January 27, 2005

Arizona House of Representatives
Arizona Senators
All concerned with the Radiation Exposure Compensation Act

RE: Downwinders Victims

To Whom it May Concern:

My name is Linda Laulo. My family and I have resided in Mohave county since the early 1900's. My father, Robert Lee Williams (Bud), was a wonderful person. Dad had a great love for the outdoors and his kids. He took us hunting, scouting for game and prospecting just about every weekend and sometimes on the weekdays too. Growing up, we never spent much time on television and expensive toys. No one did. Dad hauled us all over Mohave county. I bet I've been on every road, cow trail and wash, you name it, in the entire county.

I remember when I was a young girl I saw all the lights, heard all the booms and even saw a mushroom cloud from the bombing in Nevada. It was scary. Dad told all us kids not to worry; the bombs weren't harmful to us. The Government said it was okay. One day, dad called my mother outside. He had his Geiger counter and pointed to his work boots. "HOT!" That's what it read and boy was mom upset. I guess they threw the boots in the garbage. it seemed strange to us but again the Government told us there was nothing to worry about. Basically, we were all illiterate when it came to radiation exposure and how harmful it is to anything living. After all, we were drinking the milk and eating the game meat that was exposed to the same high levels of radiation we were.

In 1980 dad died of lung cancer. Oat cell was not curable. My father went through 9 months of hell. His lever was the size of a turkey roaster and he was only 80 pounds when he passed away. I quit my job for a year to help my mom, Retha Joe Williams, cope with dads' death. It was not easy.

Approximately 10 years later, my mother came down with breast cancer. She survived the breast cancer only to fall victim to lung cancer about seven years later. In addition, she now had a cancerous growth that filled the spot where she had given her kidney to my older brother Tommy Joe Williams. Both my daughter and I took four weeks off of work to take care of her while she was in hospital and at home dying.

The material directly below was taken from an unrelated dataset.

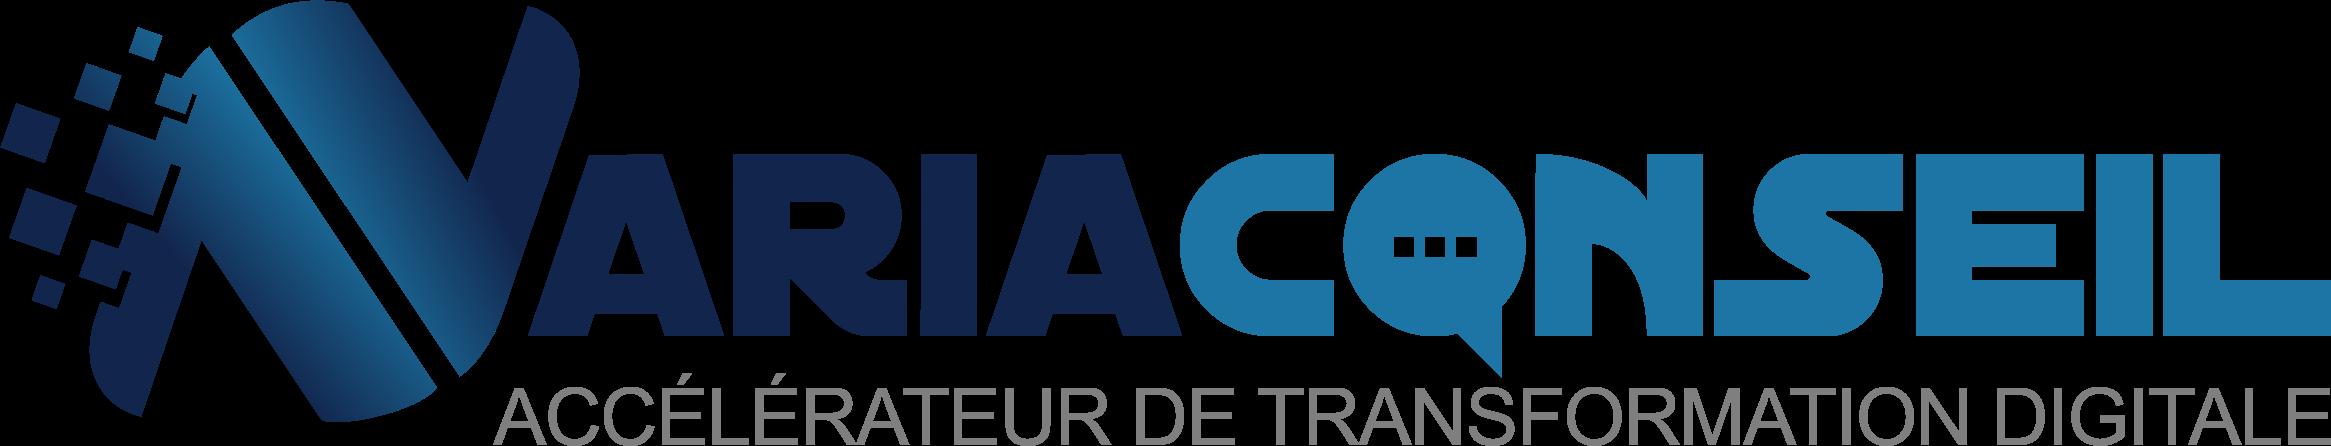 logo_Naria

My mother and father lived next door to me for 28 years and my mom was like a second mother to my kids. There was not any thing that I wouldn't do to help my mom. After she died I was close to a nervous breakdown. I cried over nothing and everything until my kids straightened me up. There's also my brother, but I can't write about him right now. He has also passed away.

I miss all my family, friends, classmates, aunts and cousins that are now gone. They all suffered and many were used as guinea pigs in an attempt to find a cure of cancer. So little was knows in the early years about how to treat cancer. At the time, Demerol was the drug of choice for pain. Morphine wasn't available and doctors seemed as concerned about patients becoming addicted to prescription drugs as they did about the actual pain from cancer. How long do my sister, Claudia Dodge, and I have before we get some form of cancer or disease from the same exposure to radiation my parents did. I am very mad and scared.